Plus étonnant, Enora n’est pas raccordée au réseau d’eau potable.
Pour mes besoins quotidiens, j’utilise principalement l’eau de pluie : vaisselle, toilettes, cuisine….. Pour la lessive, je triche un peu puisque j’emmène régulièrement mes vêtements chez mon ami qui a une machine. Enora
Cette jeune trentenaire profite également des visites chez ses amis pour « remplir un bidon de 5 litres, en cas d’urgence. Pour le jardin, j’utilise l’eau de l’étang ».
Pour les toilettes, elle utilise des toilettes sèches installées près de son chalet, dont elle recycle les résidus en compost.

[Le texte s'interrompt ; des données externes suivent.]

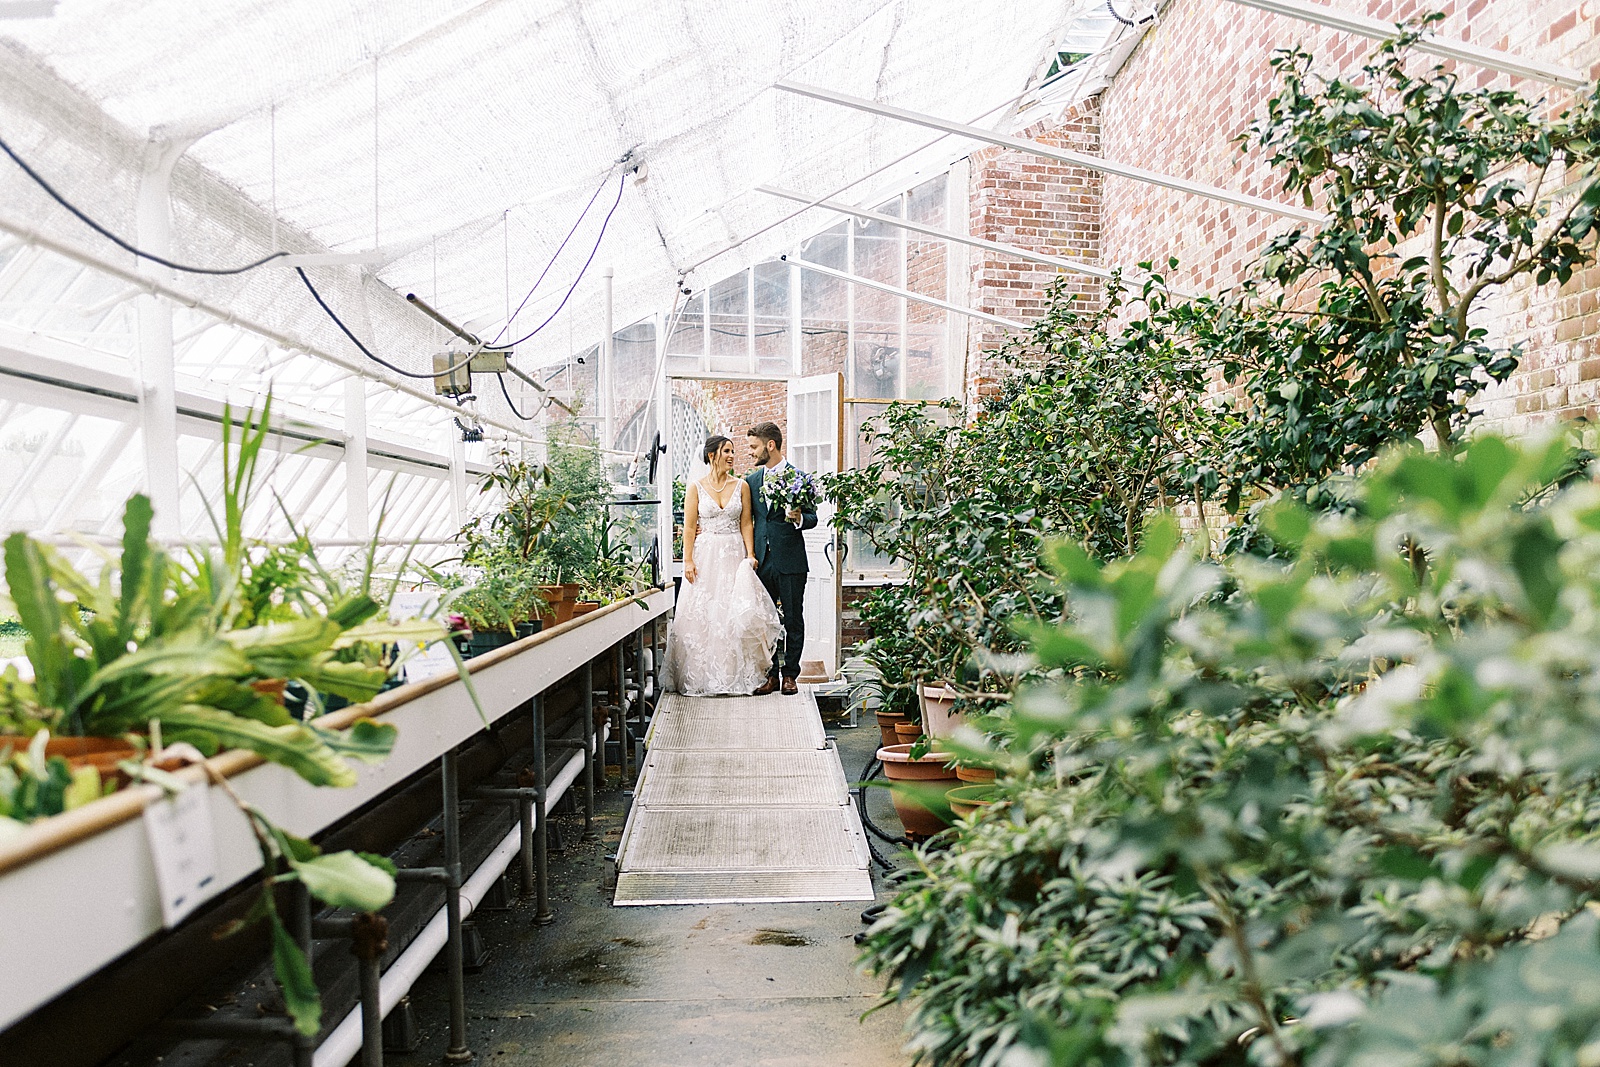 Bride and groom walking into a greenhouse together.

Environ 80€ de chauffage par an
Côté chauffage, enfin, elle a installé « un petit poêle à pétrole » dans son chalet. « J’aimerais bien le remplacer par un poêle à bois mais je n’y pense pas encore car je n’utilise pas de bois de chauffage sur mon terrain.
Pour ce qui est de la télévision, c’est simple, elle n’en a pas ! « Je lis beaucoup et je fais de la musique », explique Enora, également peintre à ses heures perdues.
Cette façon de vivre minimaliste est celle qui convient le mieux à la jeune femme, à tous les niveaux : elle a fait un vrai choix de vie, mais il s’agit aussi du seul moyen pour elle de se loger dans une maison avec jardin dans une région – à proximité de Nort-sur-Erdre (Loire-Atlantique) – où le prix de l’immobilier et les loyers ont flambé ces dernières années.
La jeune femme accueille sa mère malade dans sa caravane
Elle partage ce bonheur de vivre dans cet écrin de verdure avec ses amis, mais aussi et surtout avec sa mère, qu’elle accueille « environ six mois par an » dans sa caravane, aménagée à l’autre bout de la propriété.
Ma mère est atteinte d’un cancer. Je l’accueille ici par beau temps, pour lui éviter de pourrir seule dans son HLM, au 5ème étage sans ascenseur… Raconte Enora
C’est d’ailleurs l’un des des arguments qui a joué en sa faveur lors du procès qui lui a été intenté le 4 mars dernier devant le tribunal correctionnel de Nantes.
Une nécessité de débattre de l’habitat léger
La jeune femme espère que d’autres personnes dans son cas – des usagers de logements légers – auront la chance de voir leur dossier étudié avec autant de bienveillance.
» Nous sommes souvent stigmatisés. Il existe des gens qui squattent un terrain et font ce qu’ils veulent. Ce n’est pas mon cas. Chaque cas doit être étudié individuellement. Et je trouve aussi triste que souvent il n’y ait pas de place pour la discussion.
Finalement, à titre tout à fait personnel, elle dit aussi espérer obtenir de la municipalité « une poubelle et une boîte aux lettres », comme tout autre citoyen ordinaire.